We’ve Learned Why Giraffes Stick Their Necks Out – And It’s Not For Sex

We’ve Learned Why Giraffes Stick Their Necks Out – And It’s Not For Sex


The reason for giraffes’ iconic long necks has been revealed, and it turns out food was the original driver after all, just as Darwin thought. However, the alternative explanation, that it was about male sexual competition, gets a compensatory prize, having modified the shape of male giraffes’ necks.

Giraffes’ remarkable necks are not only their most notable feature, they’re among the most distinctive features in the entire animal kingdom. Sauropods once possessed something similar, but today there is just nothing else like that gap between head and body. Naturally, it’s something biologists are keen to explain.

Unfortunately, when a species’ trait serves multiple purposes, it can be hard to work out which provided the initial impetus. Darwin speculated that giraffes developed their long necks to access tree leaves no other species could. In a classic demonstration of how natural selection worked he, inspired by observations of giant tortoises, thought the proto-giraffe with the longest neck could reach more leaves than others, and became more likely to survive and pass on traits.

However, there is an alternative explanation, known as the necks-for-sex hypothesis. Not an offer from a hot but transactional vampire, necks-for-sex proposes that male giraffes developed long necks as weapons. In some species where one sex evolves a characteristic for evolutionary purposes, the other inherits it too, although usually to a lesser extent, because it’s simply easier to have more commonality. Steven Jay Gould proposed this as an explanation for the old question of why men have nipples.
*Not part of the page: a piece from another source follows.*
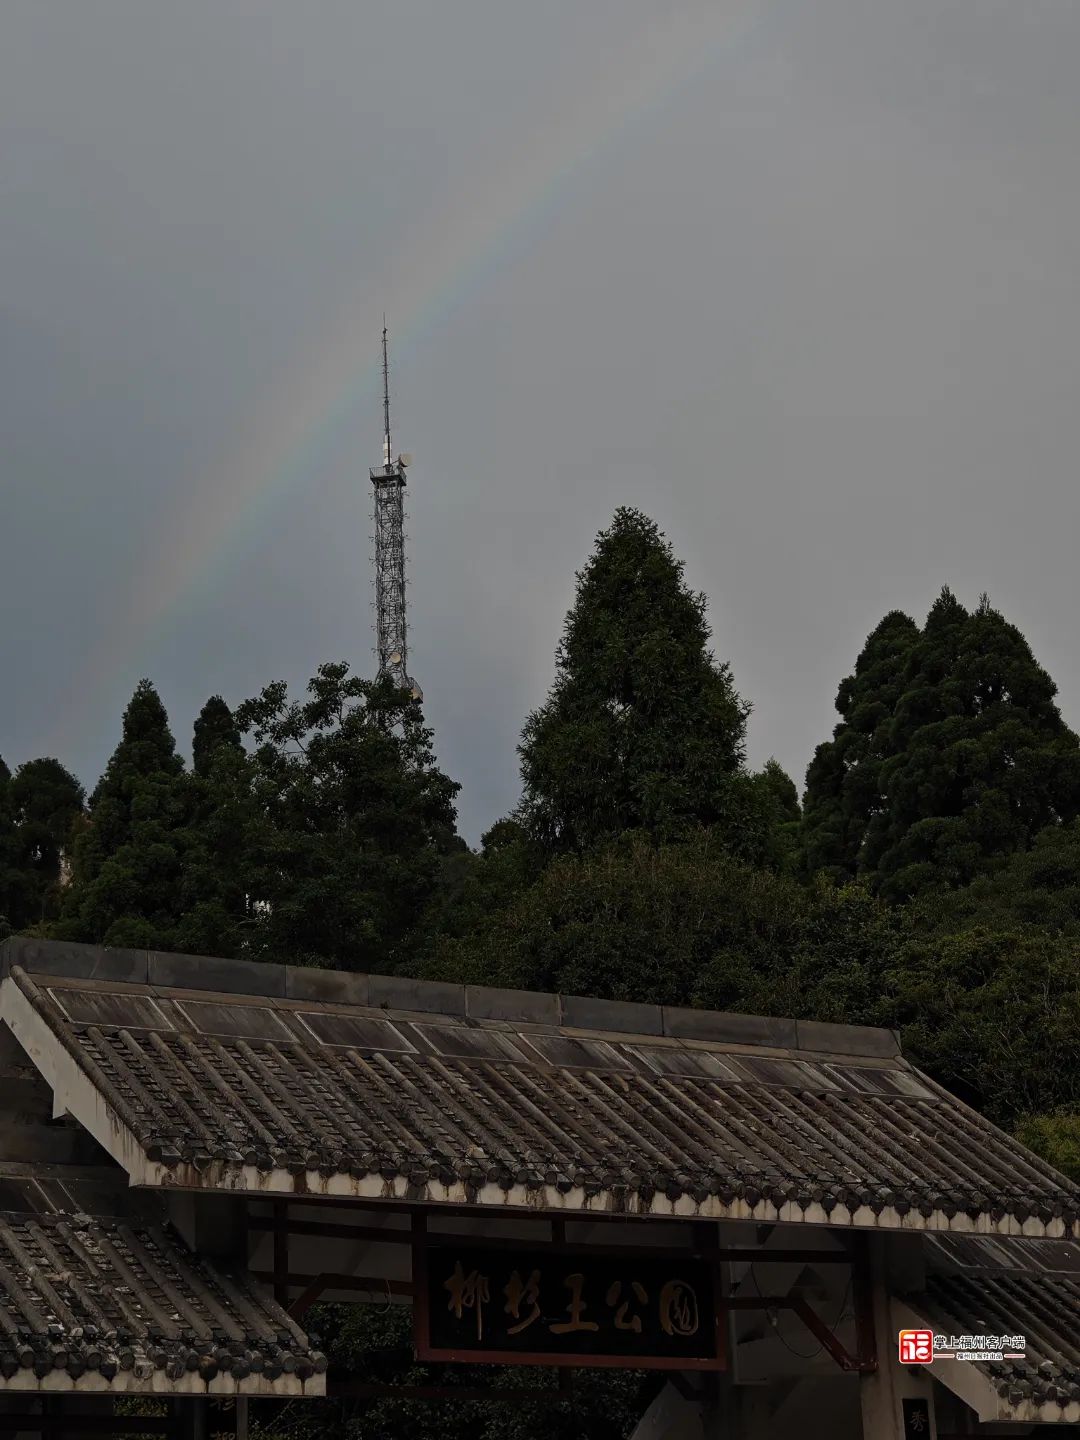 福州天空惊现超大彩虹

More recently, we have seen that the enormous noses male proboscis monkeys developed to woo mates have partially transferred to their female offspring.
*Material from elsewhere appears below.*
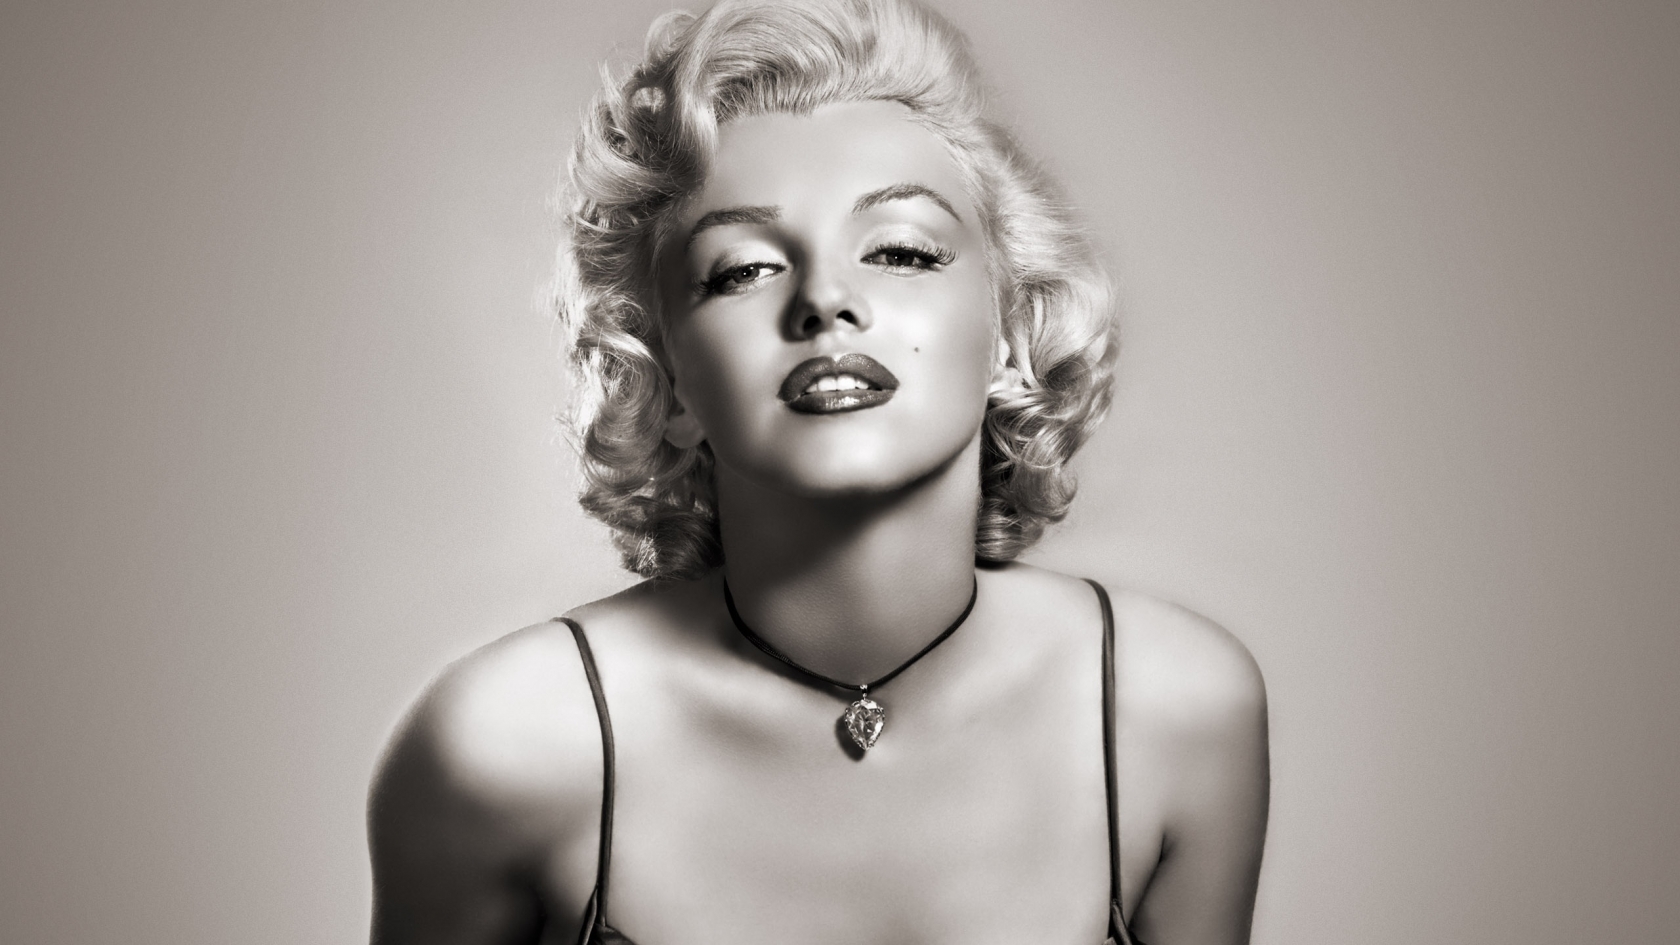 Gorgeous Marilyn Monroe for 1680 x 945 HDTV resolution

Since transfer between sexes is seldom absolute, Professor Doug Cavener of Penn State University and colleagues realized that comparisons between male and female giraffes could probably settle the question. “The necks-for-sex hypothesis predicted that males would have longer necks than females,” Cavener said in a statement.

Male giraffes are 30 percent larger than females, making everything bigger, neck included. However, the team used publicly available photos of Masai giraffes (Giraffa tippelskirchi) in captivity and the wild to measure males’ and females’ relative dimensions.

Using the pedigree, and therefore ages, of captive giraffes the team were able to establish that at birth giraffe proportions are not affected by sex. Males grow faster, but it’s only around sexual maturity that significant differences can be seen.

Careful observations revealed that, relative to overall body size, female giraffes have longer necks, making the necks-for-sex hypothesis very unlikely. Instead, the team think it was the need for food of females that are almost constantly pregnant or nursing once they achieve sexual maturity, which drove the extraordinary neck extension. “Giraffes are picky eaters – they eat the leaves of only a few tree species, and longer necks allow them to reach deeper into the trees to get the leaves no one else can,” Cavener said.

Males do have wider necks than females, and the team think this represents an advantage when they slam their necks against those of rivals. Future research will test the suspicion that males with wider necks father more offspring. Males also have longer forelegs.

Besides the neck to body ratio, the study also revealed some other differences in male and female giraffe body shape.

Besides the neck-to-body ratio, the study also revealed some other differences in male and female giraffe body shape.

The team noticed an intriguing difference between wild and captive giraffes. The wild giraffes displayed a fairly strict sexual binary, but among captive male giraffes, 15 percent were observed to have dimensions that don’t match the typical male body plan. “We speculate that body proportion sexual dimorphisms are maintained in the wild by natural and/or sexual selection, but in captivity selection is relaxed resulting in a higher occurrence of discordances in sexual phenotypes,” the authors write. No need for a thicker neck when zookeepers play matchmaker for you. 

The work is not merely a way of settling long-standing debates, it could be crucial to the animals’ survival. Last year, Cavener showed Masai giraffes are more endangered than previously realized. Poaching is part of that, but habitat loss is probably a bigger factor. “If female foraging is driving this iconic trait as we suspect, it really highlights the importance of conserving their dwindling habitat,” Cavener said.

The study is open access in Mammalian Biology.